In the years since The Learning Healthcare System was first published, researchers, healthcare providers, health systems, and governmental and regulatory agencies have all struggled with the monumental task of building such a system. One aspect that has presented a particularly complex set of challenges centers on the issue of informed consent. The principle of informed consent—the idea that all patients have the right to make a fully informed decision, free from coercion or other undue pressure, about whether or not to participate in research—is a foundational tenet of clinical research ethics. However, some of the tools that are widely considered to be critical to the success of achieving a workable learning healthcare system, such comparative effectiveness studies and cluster-randomized trials, are difficult or even impossible to conduct under existing models of individual informed consent.

Recent efforts from the Ottawa Consensus Statement Group and a series of articles published in an issue of the Hastings Center Report have explored explored informed consent in such circumstances. These are now joined by a pair of articles published in the February 20, 2014 issue of the New England Journal of Medicine.
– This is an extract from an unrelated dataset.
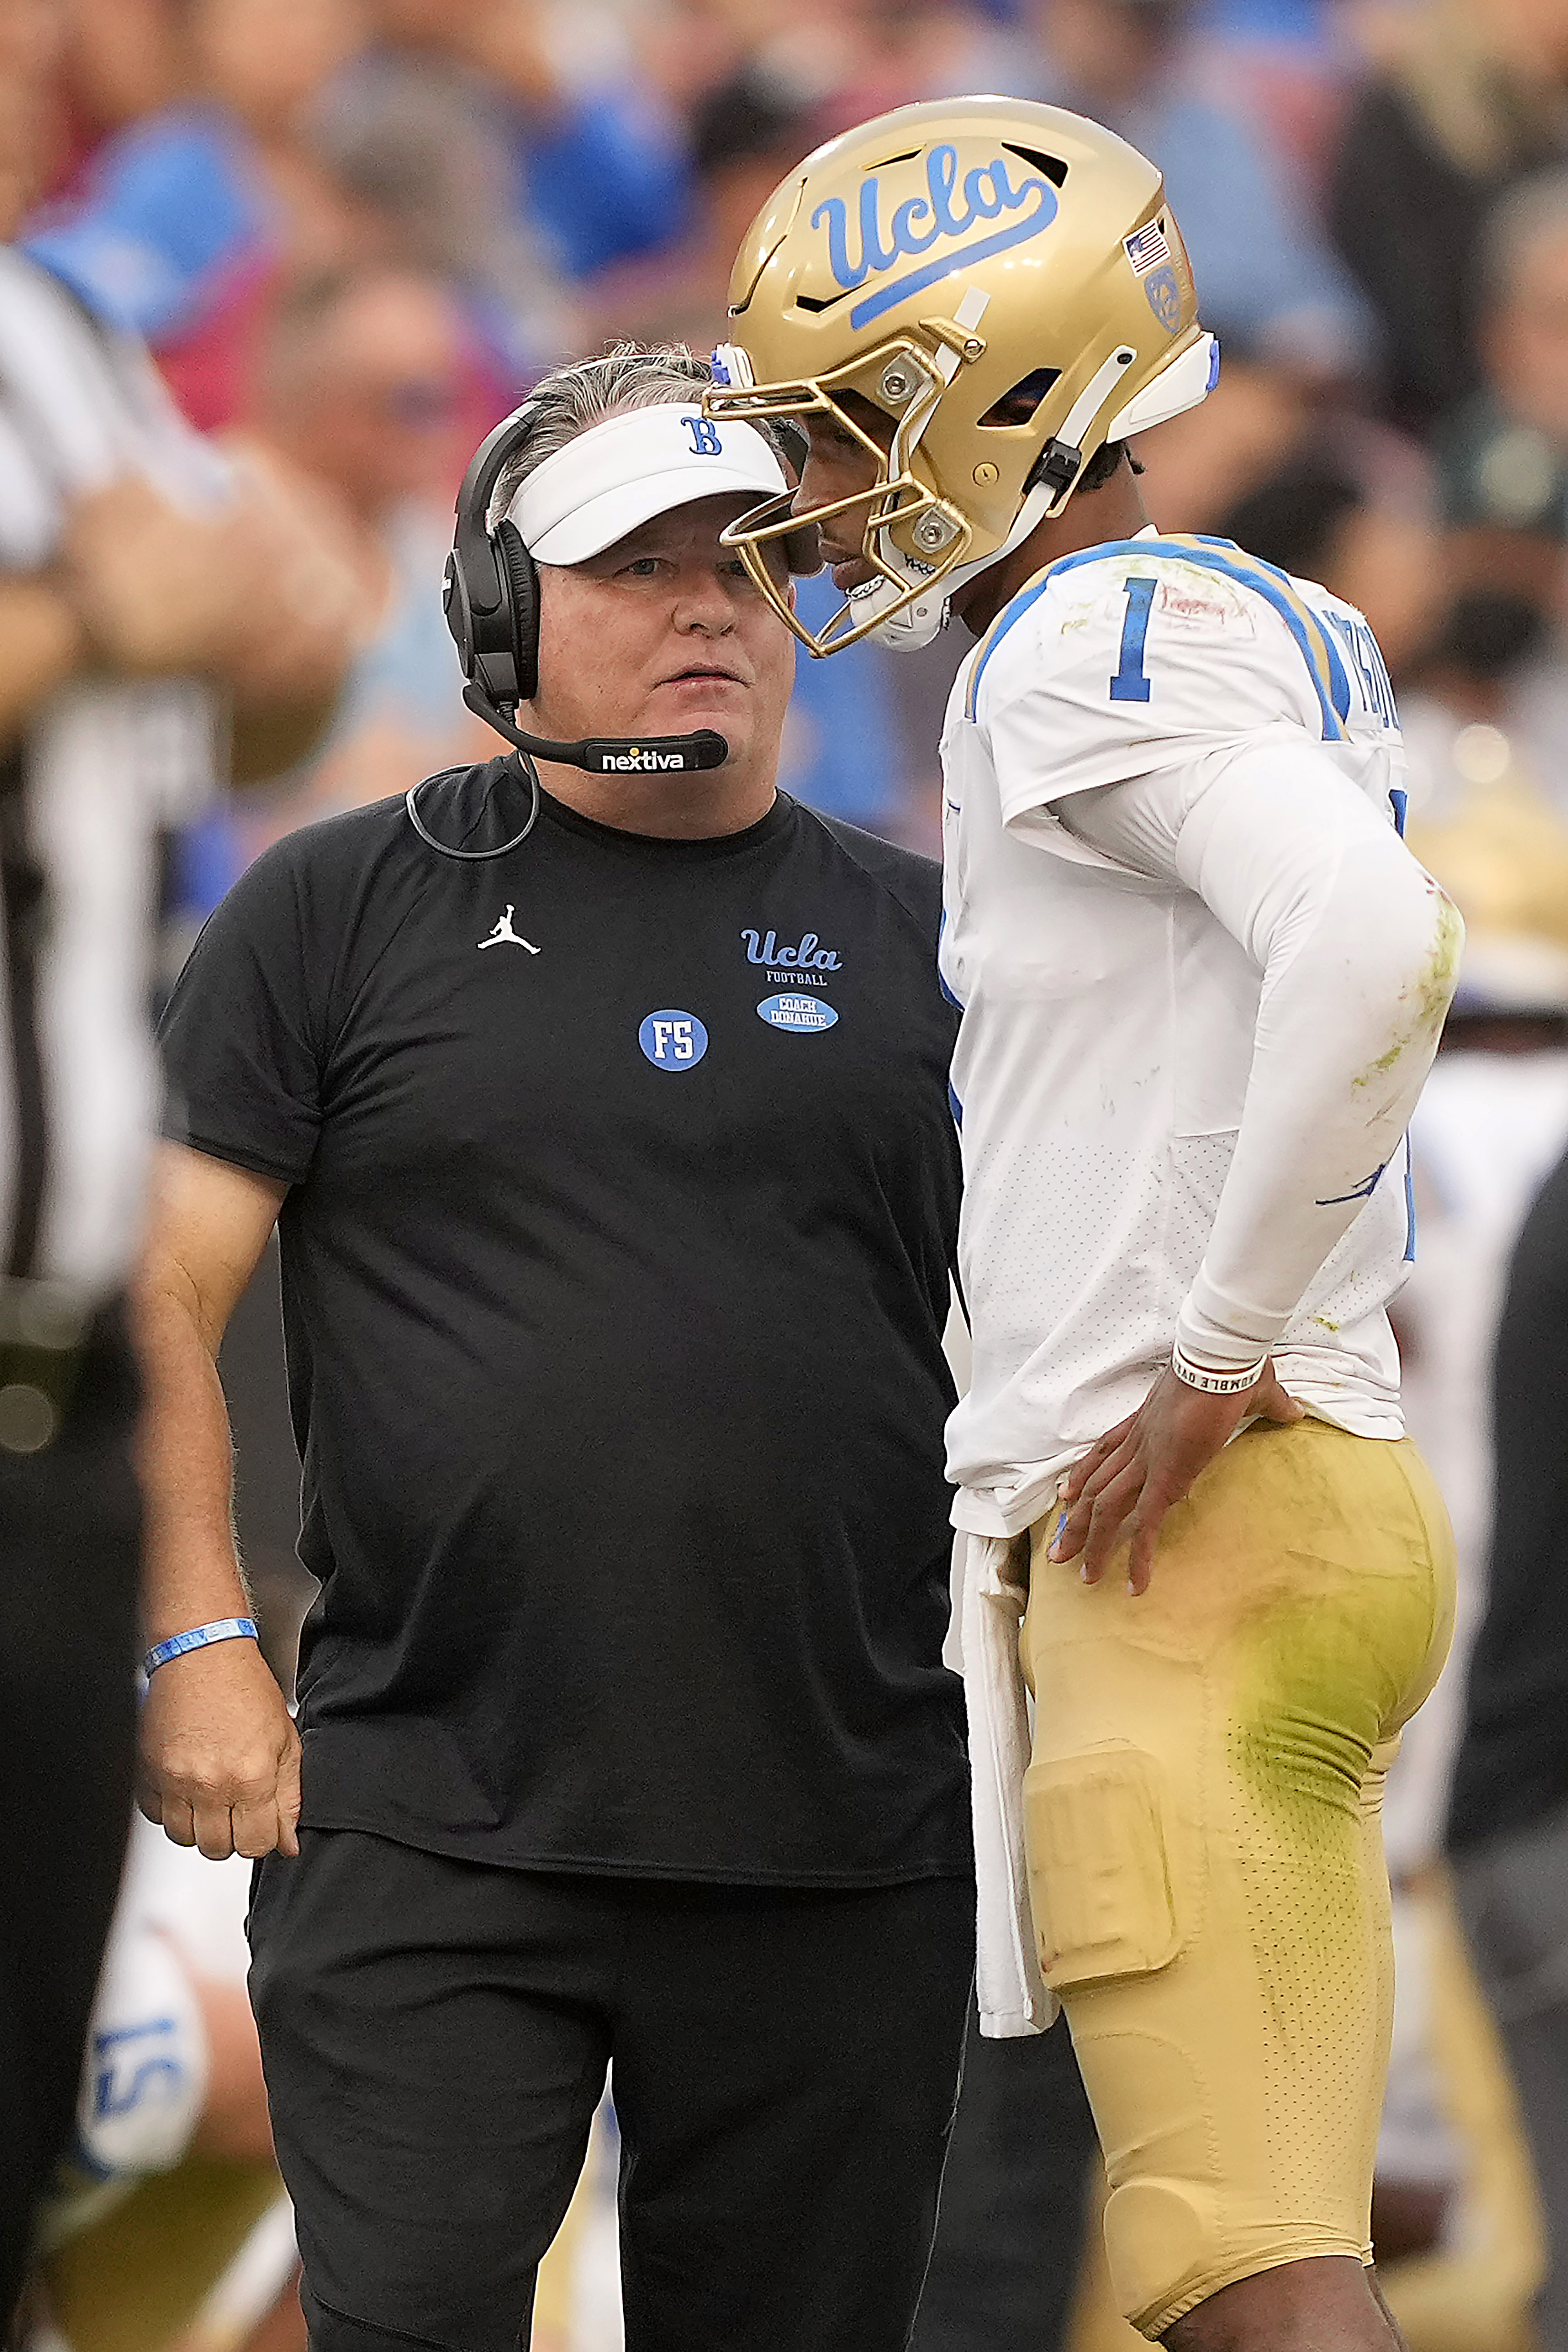 UCLA coach Chip Kelly, left, talks to quarterback quarterback Dorian Thompson-Robinson (1) during a game against Stanford Saturday.

In the first, Faden and colleagues outline a case for streamlining or even dispensing with individual informed consent in certain kinds of randomized comparative-effectiveness or quality improvement studies that present a minimal risk of harm to patients [1]. The authors also describe the larger framework that would provide transparent and accountable oversight of such studies, as well as overseeing the integration of findings from such research into the patient-care process.

The second article, by Kim and Miller, presents a different vision for informed consent,  the “Integrated Consent Model” [2]. Unlike Faden and colleagues, the authors argue for preserving the element of informed consent for all randomized pragmatic research, even in circumstances considered to pose minimal risk to patients. Kim and Miller suggest that such a model, in which the prospect of participating in research is offered as part of the general clinical discussion about treatment options and documented by the physician, will satisfy ethical imperatives for informing patients while remaining sufficiently streamlined to meet the demands of pragmatic clinical research. They also argue that an “integrated consent” approach could be accommodated under existing regulations.
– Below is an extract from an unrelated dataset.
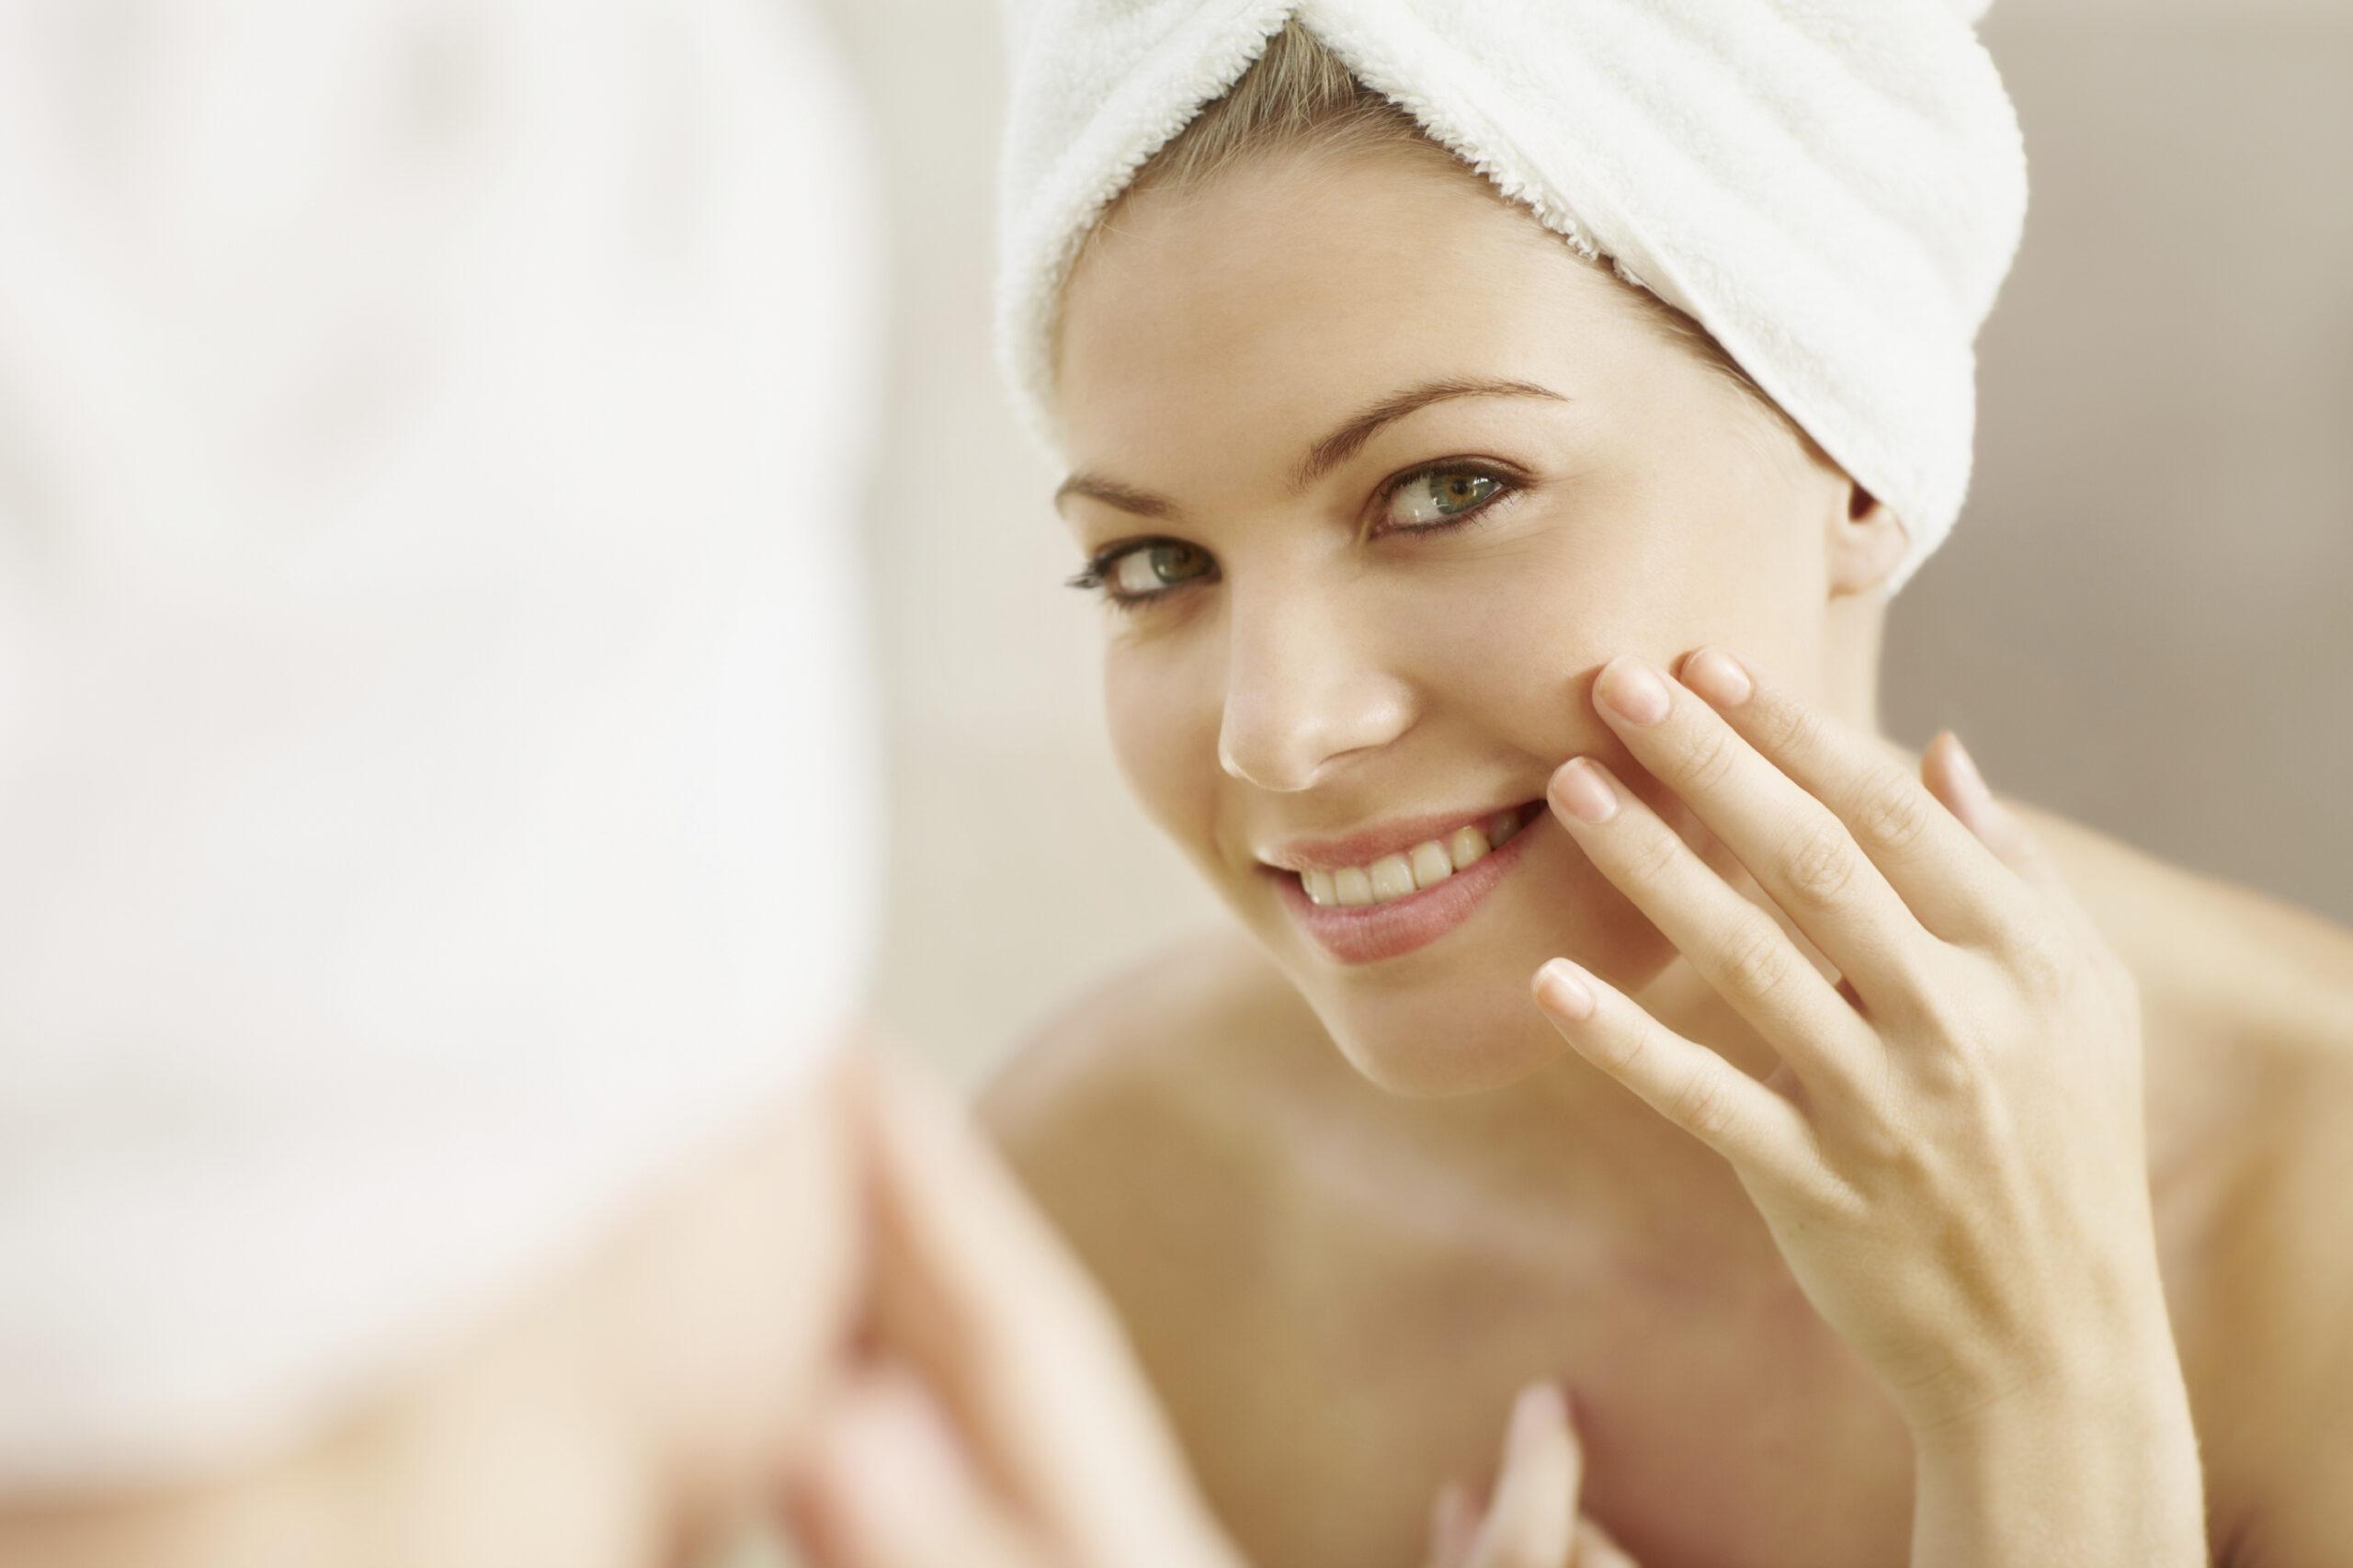 Top 10 Ayurvedic Remedies For Treating Burns At Home

Regardless of whether either or both of these perspectives can be incorporated into the emerging learning healthcare system, the larger questions surrounding informed consent are  garnering significant interest, as evidenced by the response to the Department of Health and Human Service’s 2011 call for public comment on a proposal to modify rules governing clinical research. And with the proliferation of new technologies and trial designs that use data extracted directly from patient’s electronic health records (such as the NIH Collaboratory Trials coordinated through the NIH Collaboratory) and the emergence of innovative networks devoted to pragmatic patient-centered research, the need for a solution both protects patients and enables vitally needed research will only continue to grow.

For additional perspective on the recent publications in the New England Journal of Medicine, see "Research Permissions–Angels on the Head of a Pin, or the Key Issue to Decipher?" by NIH Collaboratory PI Dr. Rob Califf.

References


1. Faden RR, Beauchamp TL, Kass NE. Informed consent, comparative effectiveness, and learning health care. N Engl J Med 2014;340:766-768. 10.1056/NEJMhle1313674.

2. Kim SYH, Miller FG. Informed consent for pragmatic trials — The integrated consent model. N Engl J Med 2014; 370:769-772. doi: 10.1056/NEJMhle1312508.